"If you young fellows knew," he remarked dryly, "all that you surely learn later, you'd let the stuff alone. I'm part owner here, and when you went on that drunk and quit me I had made up my mind to put you in command. 'Tend to business, now, and you can take her out next voyage."

"I'll make good, sir," I answered, pleased with the prospect, and willing to be thought an ex-drunkard rather than an ex-convict.

"But keep still about it," he said. "The principal owner is on board for the trip home. Your job is to impress him before the proposition is put up to him. He's somewhat crotchety and queer."

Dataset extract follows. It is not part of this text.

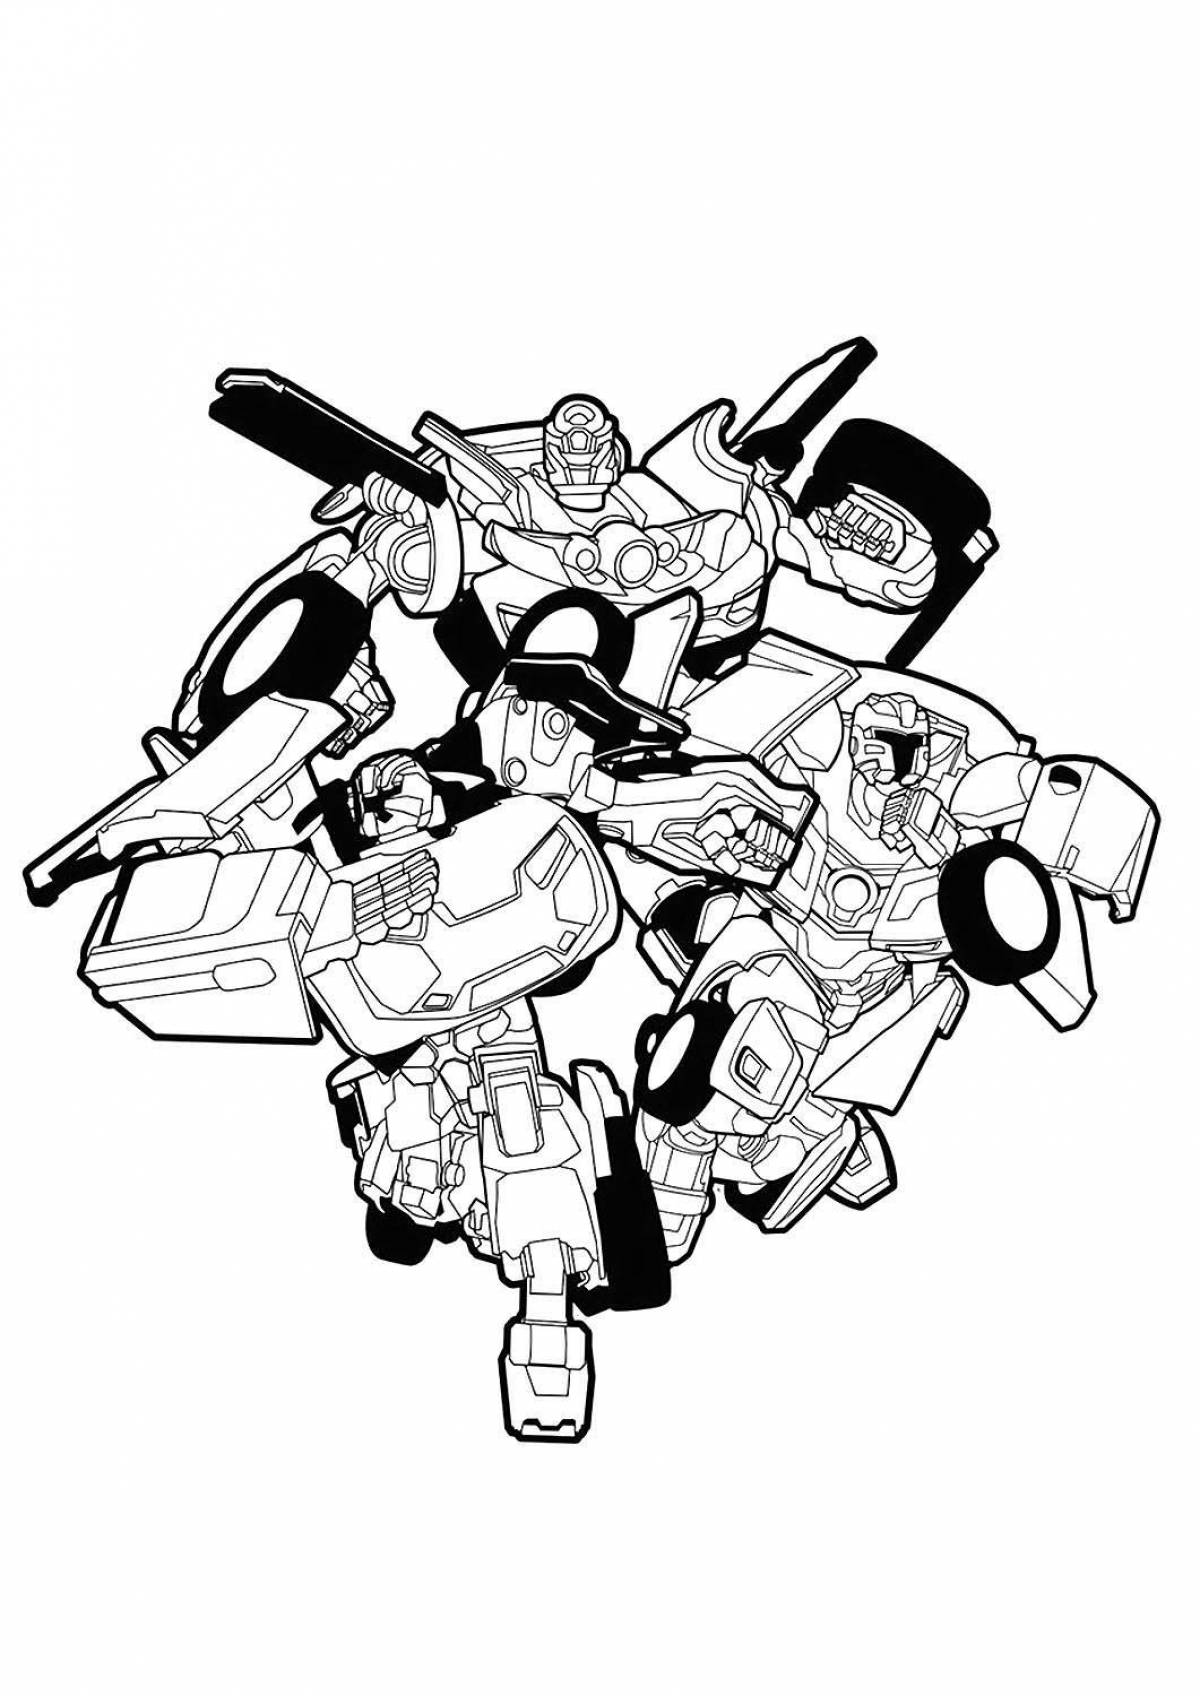 Adorable tobot coloring page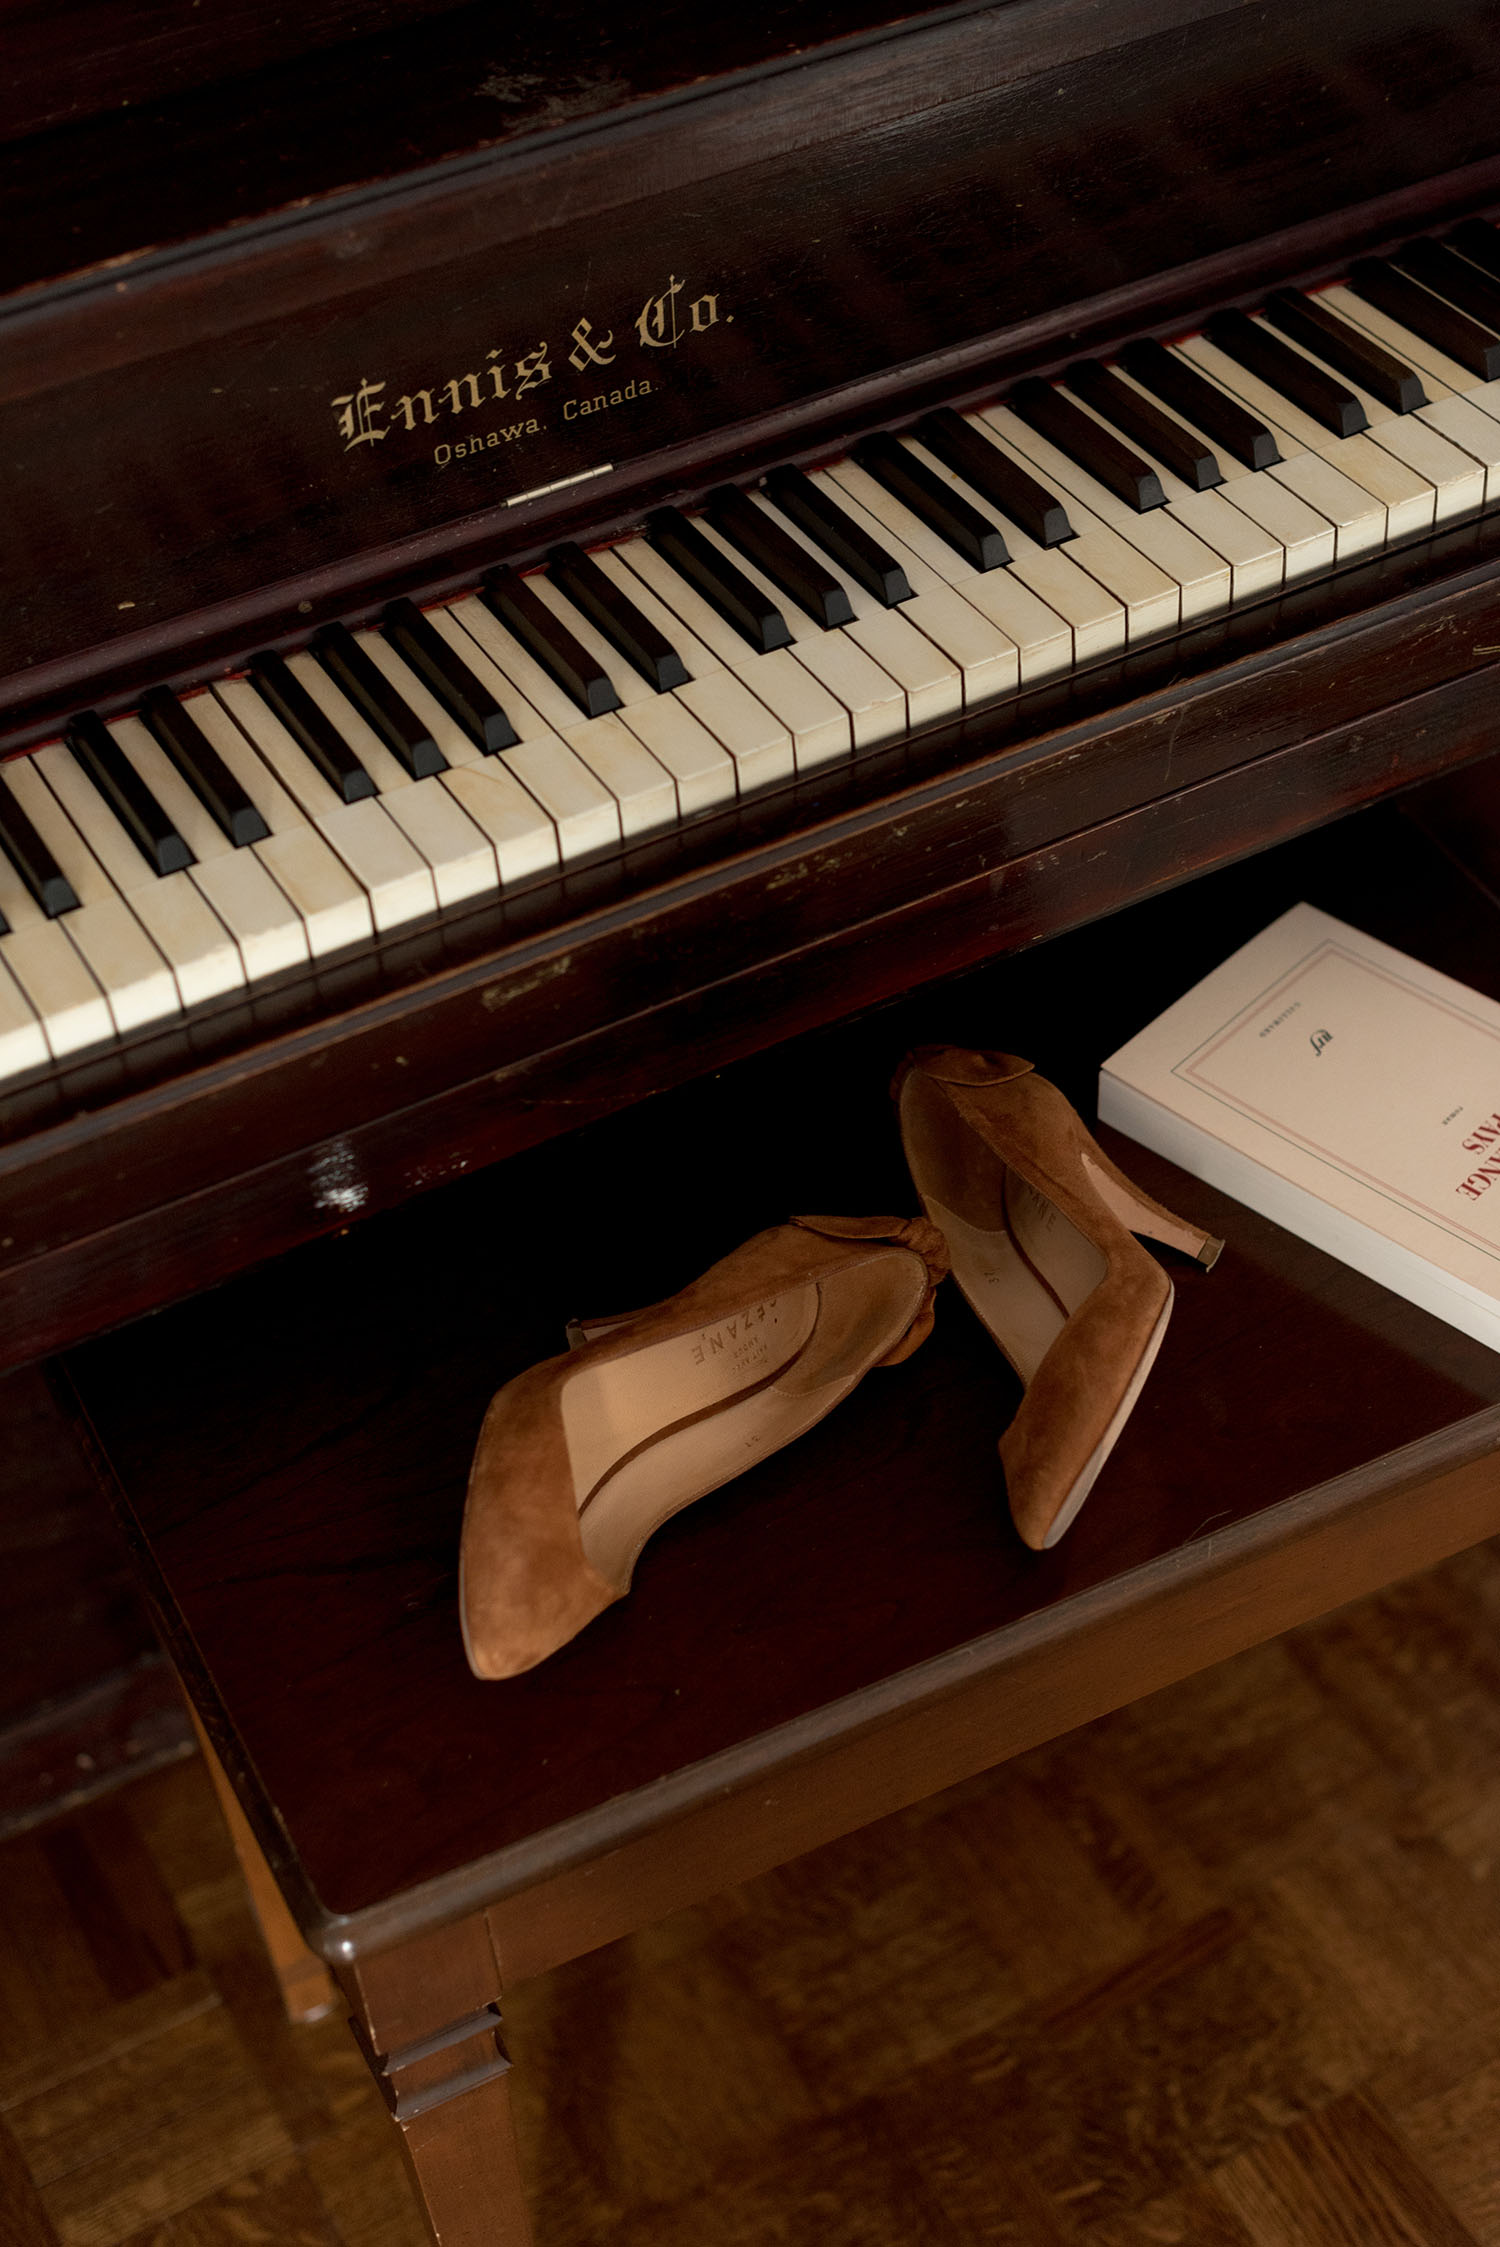 A pair of Sezane pumps and an Editions Gallimard novel on a piano bench, as captured by top Canadian fashion blogger Cee Fardoe of Coco & Vera

I joined the ship—a big, black, skysail yarder, filled to the hatches with sugar and jute—as she was lifting her anchor. We went to sea in a gale, and for two days and two nights I had not time to unpack my chest, much less to take note of my surroundings and the impression I was creating as a first mate fitted to command. I saw the owner occasionally in the brief lulls of shortening down—a tall, spare figure, muffled to the nose in a hooded mackintosh—but I did not meet him until the morning of the third day out, when, after an hour or two of sleep, I turned out for a look around before going to breakfast, and there, in the forward companion, ran plump into him. The next moment I had him by the throat, position, prospects, honor, love, and liberty going down before the uprush of rage and hatred.

There flashed into my mind at that moment a memory from boyhood, forgotten through the years, of his father being largely interested in shipping, but it was futile, irrelevant, and left me as it came; then, while he sagged under my grip, there came to me the picture of Grace Morton's frightened face as she had turned it up to me in the lamplight. But I forced it from me. That love is dead, I thought, and I hissed the thought through my teeth with my curses. Then, thinking of the long, bitter years in prison, the suffering and the shame, the thwarted hopes and plans, the struggle to maintain my integrity for the sake of a girl that had forgotten me, and knowing only that the cause of it all was right here, in my hands, I felt what I had not felt before—the impulse, the desire, and the self-justification to kill.

But I did not kill him. I relaxed my hold and looked into the same frightened face that had appealed to me once before. Older now, with lines of care and trouble in it, but more womanly and commanding. She stood in the dining-room door, and had commanded me to stop; and I obeyed her. Her brother slunk past her into the dining-room. The second mate was on deck, the steward had not come aft with the breakfast. The captain had not come through from the after cabin. None but the girl had seen the assault.

"Go to your room, George," she called to him through the door. "Wait for me, and say nothing to the captain."

Then she turned, and calmly regarded me. On my part, I stood before her like a culprit, trembling, and with my tongue dry against the roof of my mouth.

"Jack," she said, "I have watched you through this window since we sailed, watched you in your strength and mastery of your calling. And I have listened to your voice, that roused me from sleep on the first night, and which I recognized as yours. And I said to myself that you were a man, that you must be a man, and that I may have misjudged you. But here, you assault an invalid for a quarrel over five years old, that began in my behalf, I admit, but which ended in your own."

"An invalid," I managed to say. "A quarrel—in my behalf? Go on, please, Miss Morton."